The Sentinel
- First edition cover
- Author: Jeffrey Konvitz
- Language: English
- Genre: Horror
- Publisher: Ballantine Books
- Publication date: 1974
- Publication place: United States
- Pages: 278
- ISBN: 978-0345304377

= The Sentinel (Konvitz novel) =

1974 novel by Jeffrey Konvitz

The Sentinel (1974) is a novel written by Jeffrey Konvitz.

==Plot==
Alison Parker, a beautiful but troubled fashion model, moves into a gorgeous New York City brownstone house that is divided into apartments. The house is inhabited on the top floor by Father Francis Matthew Halloran, a reclusive blind Catholic priest who spends his time sitting at his open window.

Alison is romantically involved with Michael Farmer, a lawyer and former prosecutor. Alison's life is beset for a number of reasons. She had a horrible relationship with her recently deceased father and survived at least one suicide attempt. Michael is under suspicion in the death of his former wife. A determined New York City Police Department detective named Gatz is sure that Michael murdered her and soon comes to suspect Alison as well.

Alison suffers sleep loss and horrible nightmares involving her father and soon begins to suffer blinding headaches.

Looking for distraction, she tries to ingratiate herself with the building's other occupants - but finds that they are bizarrely eccentric and obnoxious. Alison complains about them to the building's real estate agent. The agent is confused, telling a shocked Alison that there are no neighbours - besides herself and Father Halloran, no one else lives there.

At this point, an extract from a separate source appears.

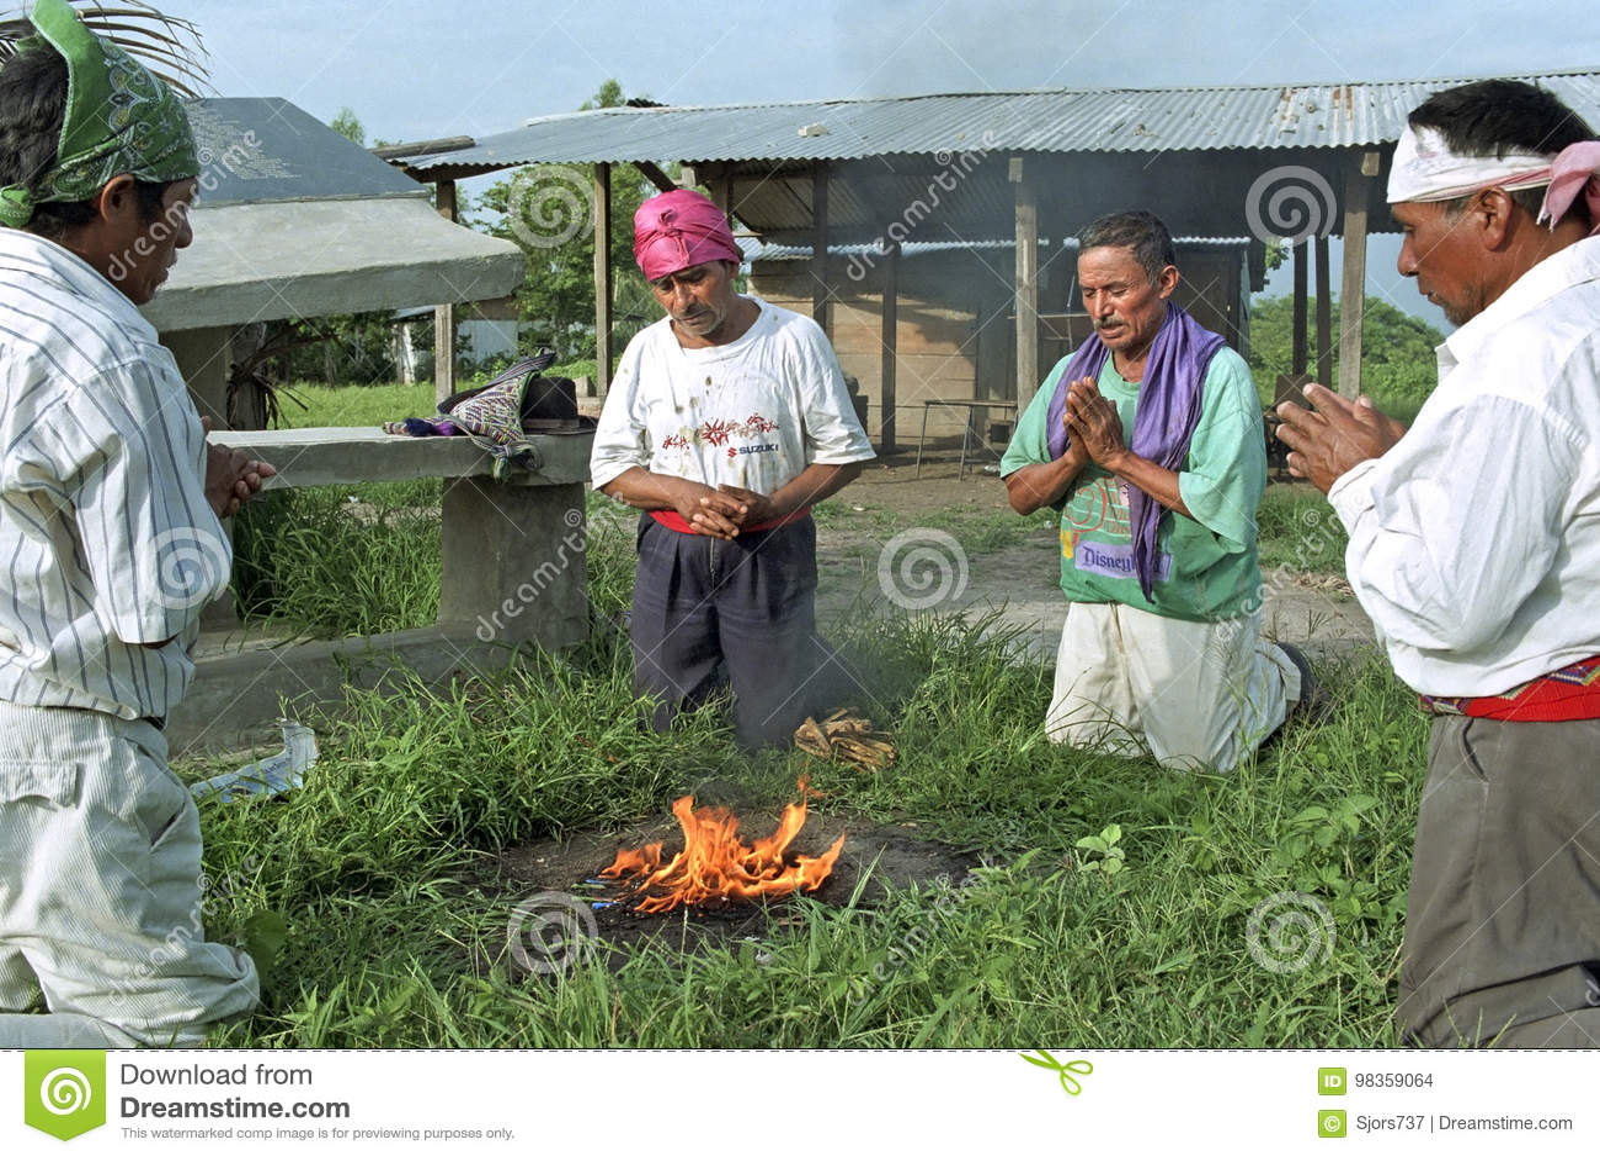 Religious ritual of Guatemalan Ixil Indian priests
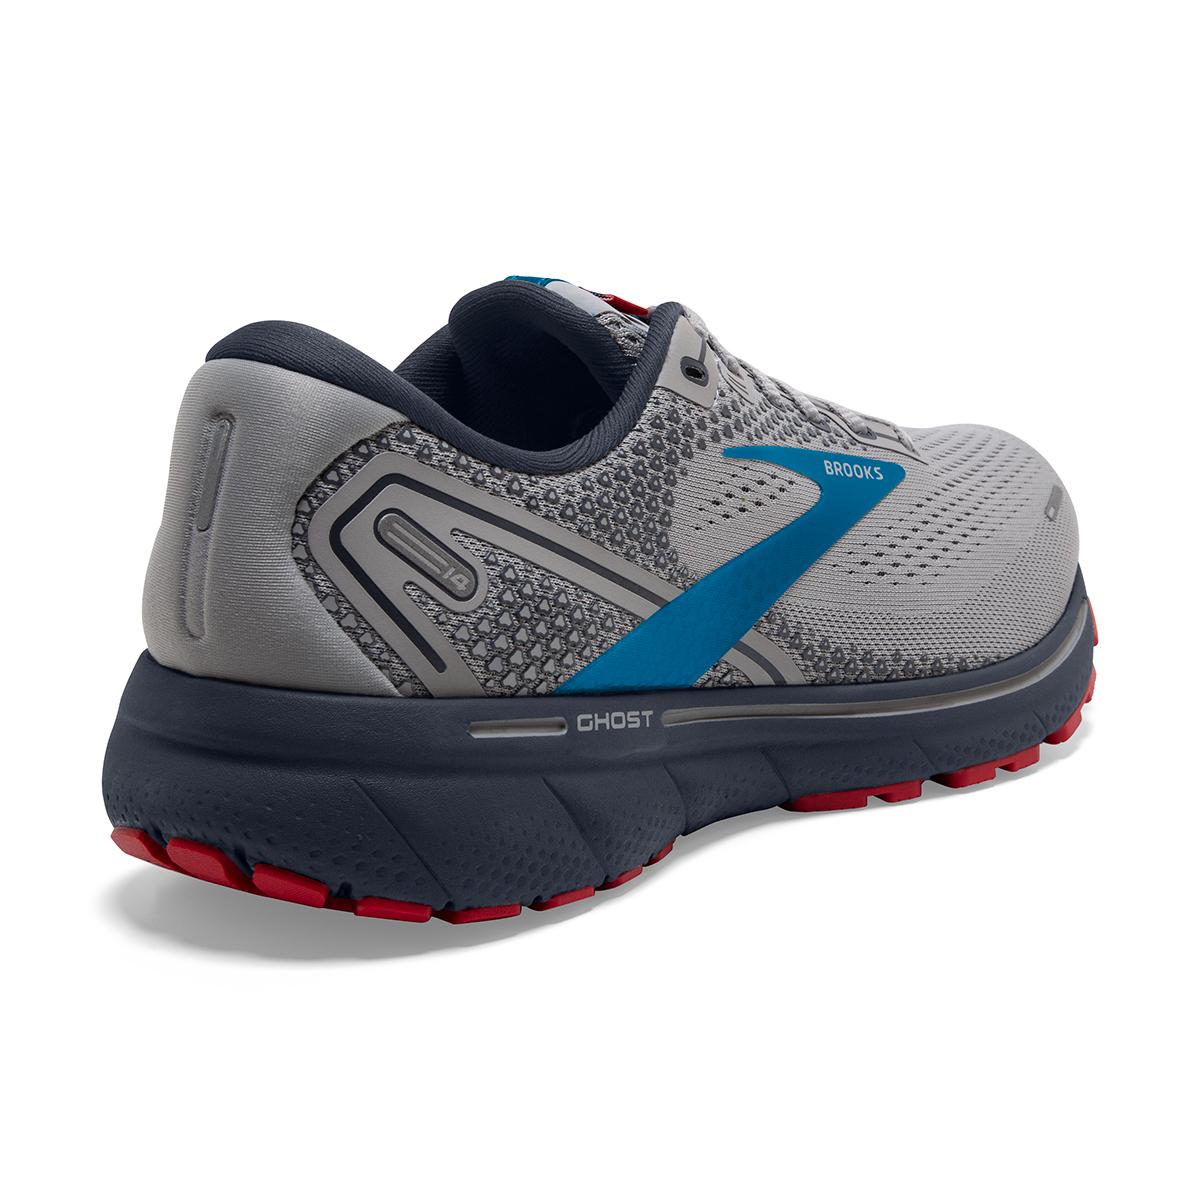 Men's Brooks Ghost 14 Running Shoe - Color: Grey/Blue/Red - Size: 7 - Width: Regular, Grey/Blue/Red, large, image 6

Looking for answers, Michael breaks into a records archive of the Roman Catholic Church. Researching the past of Father Halloran, Michael learns that the man has none. Rather, Halloran's life "began" the day that another man's life apparently ended, leading Michael to believe that the two men are one and the same. He also finds similar records for a woman, a nun named Sister Therese who is to reside in Alison's building. Michael soon concludes that Sister Therese is actually the woman that Alison is meant to become.

Rushing to her building, he confronts the blind priest, only to be killed. Returning to the building, her headaches having returned and her skin beginning to desiccate, Alison finds Michael seemingly unhurt. He reveals that he is actually dead and also damned for killing his wife. He also explains that the house is actually positioned over the gateway between our world and Hell and that there must be a gatekeeper to protect the world from the denizens of the Underworld. Until now, that gatekeeper, or Sentinel, had been Father Halloran, but Alison is now expected to succeed him. Her troubled past, especially her suicide attempt, make her the appropriate choice. The inhabitants of Hell are actually her fellow "neighbours" and they know that they have one chance to escape the Abyss - pressuring Alison to complete her suicide. At the last minute, Father Halloran appears and saves Alison, driving the "neighbours" back to hell.

The book ends with Alison becoming the new Sentinel, Sister Therese, who is blind like Father Halloran before her.